Hollanda'dan de Volkskrant gazetesi bugünkü sayısında, Türkiye'nin Ortadoğu politikasını ele alıyor. Gazetenin yorumu şöyle:

"Birçok Türk, şanlı geçmişlerine karşı hissettikleri nostaljik duyguları muhafaza ediyor. Yapılan kamuoyu yoklamaları, halkın büyük çoğunluğunun AB ve ABD konusunda olumsuz düşünceler sahip olduğunu gösteriyor. Anketlere göre birçok Türk, Türkiye'nin Ortadoğu'daki ülkelerle işbirliği yapmasını tercih ediyor. Arap Baharı, 'yeni Osmanlı' çaba ve gayretlerinin gerçekleştirilmesini zorlaştırdı. Erdoğan, Tunus, Mısır ve Suriye'de iktidardaki baskıcı politikacıları eleştirmeden, aleyhte konuşmadan önce oldukça tereddütlü bir tutum benimsedi. Ancak Adalet ve Kalkınma Partisi hükümeti zaman içinde bu halk isyanlarını, bir şans olarak görmeye başladı. Eğer Arap ülkelerinde tıpkı Erdoğan'ın Adalet ve Kalkınma Partisi gibi mufahazakâr-İslamcı partiler iktidara gelirse, o zaman Ankara bu ülkeler üzerindeki etkisini çok güçlü biçimde artırabilir." 

İsviçre'den Basler Zeitung Suriye'de aylardır süren protesto gösterilerini ele alıyor. Gazetenin yorumunda şu satırları okuyoruz:

"Devlet Başkanı Beşar Esad'ın iktidarda kaldığı süre uzadıkça, ülkede şiddet de giderek artıyor. Birçok Suriyeli bu durumdan çok korkuyor. Çünkü ülkede askerî ve sivil baskı mekanizmasının yanı sıra, heterojen toplumu bir arada tutan bir başka önemli faktör daha var. Bu da birçok dinî azınlığın faydalandığı, özgürlük. Sünniler, Şii-Alevi rejime karşı silaha sarılırsa, bunun sonucu Irak'takine benzer bir iç savaşın çıkması olabilir. İşte bu nedenle muhalefetin uzlaşma sağlaması ve bir din savaşı çıkabileceği korkusunu ortadan kaldırması, önemli. İşte ancak o zaman Esad dosyası kapanmış olur."

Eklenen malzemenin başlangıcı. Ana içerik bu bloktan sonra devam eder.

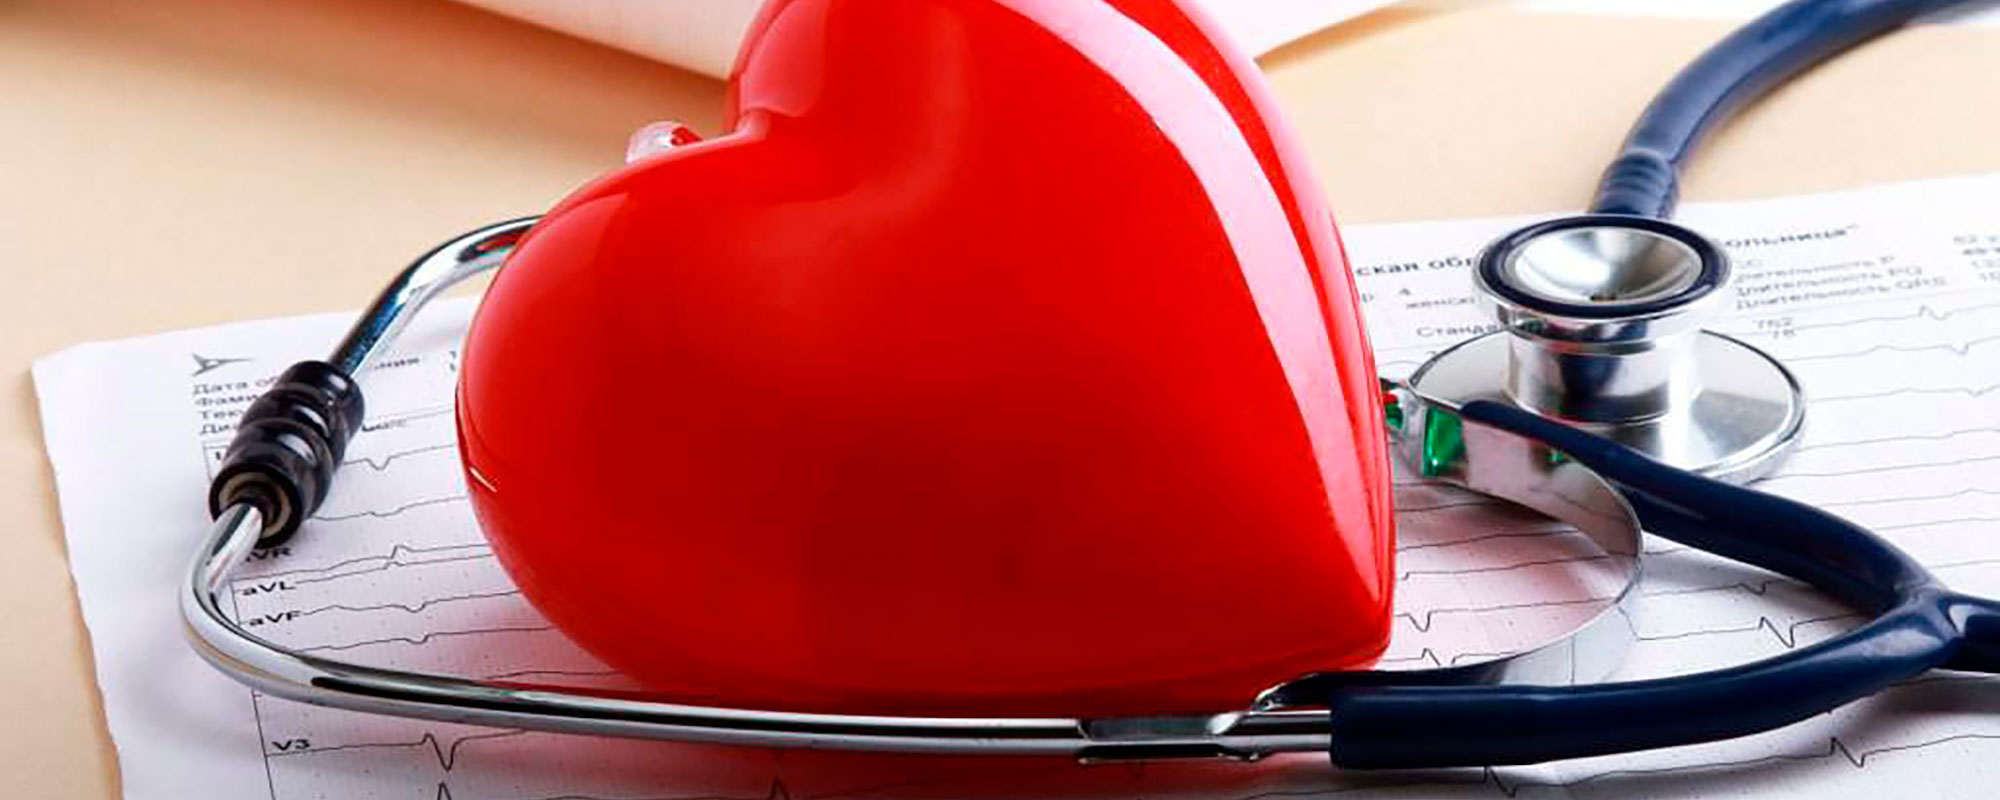 ЭКГ сердца - Как снимается кардиограмма сердца?

Le Figaro gazetesi, Fransız Senatosu'nda çoğunluğun sol partilere geçmesini ele alıyor. Yorumda Cumhurbaşkanı Nicolas Sarkozy'nin önümüzdeki yıl yapılacak cumhurbaşkanlığı seçimlerinde, partisinin adayı olacağı belirtiliyor:

"Cumhurbaşkanı adayı değişmeli mi? Peki ama kim olmalı? Başbakan François Fillon mu? Fillon çok uzun süredir -son olarak da dün-, Nicolas Sarkozy'nin yeniden Cumhurbaşkanlığına seçilmesi için elinden geleni yapacağını açıkladı. Ve hiç kimsenin bu konuda şüphesi yok. Dışişleri Bakanı Alain Juppe mi? Ancak o da bu makama ilgi duymadığını, Cumhurbaşkanı Sarkozy'nin yeniden bu göreve talip olması halinde kendisi için adaylığın söz konusu olmayacağını açıkça dile getirerek, göstermiş oldu. Hiç kimsenin şüphesi yok. Ne şimdiki Başbakan (François Fillon), ne de eski Başbakan (Alain Juppe) Sarkozy'e karşı darbe yapabilecek karaktere ve çehreye sahip. Ayrıca onların Sarkozy'e karşı duydukları sadakatten şüphelenilmesi için de ortada bir neden yok. Nicolas Sarkozy belli ki iktidar partisinin (UMP) Cumhurbaşkanı adayı olacak."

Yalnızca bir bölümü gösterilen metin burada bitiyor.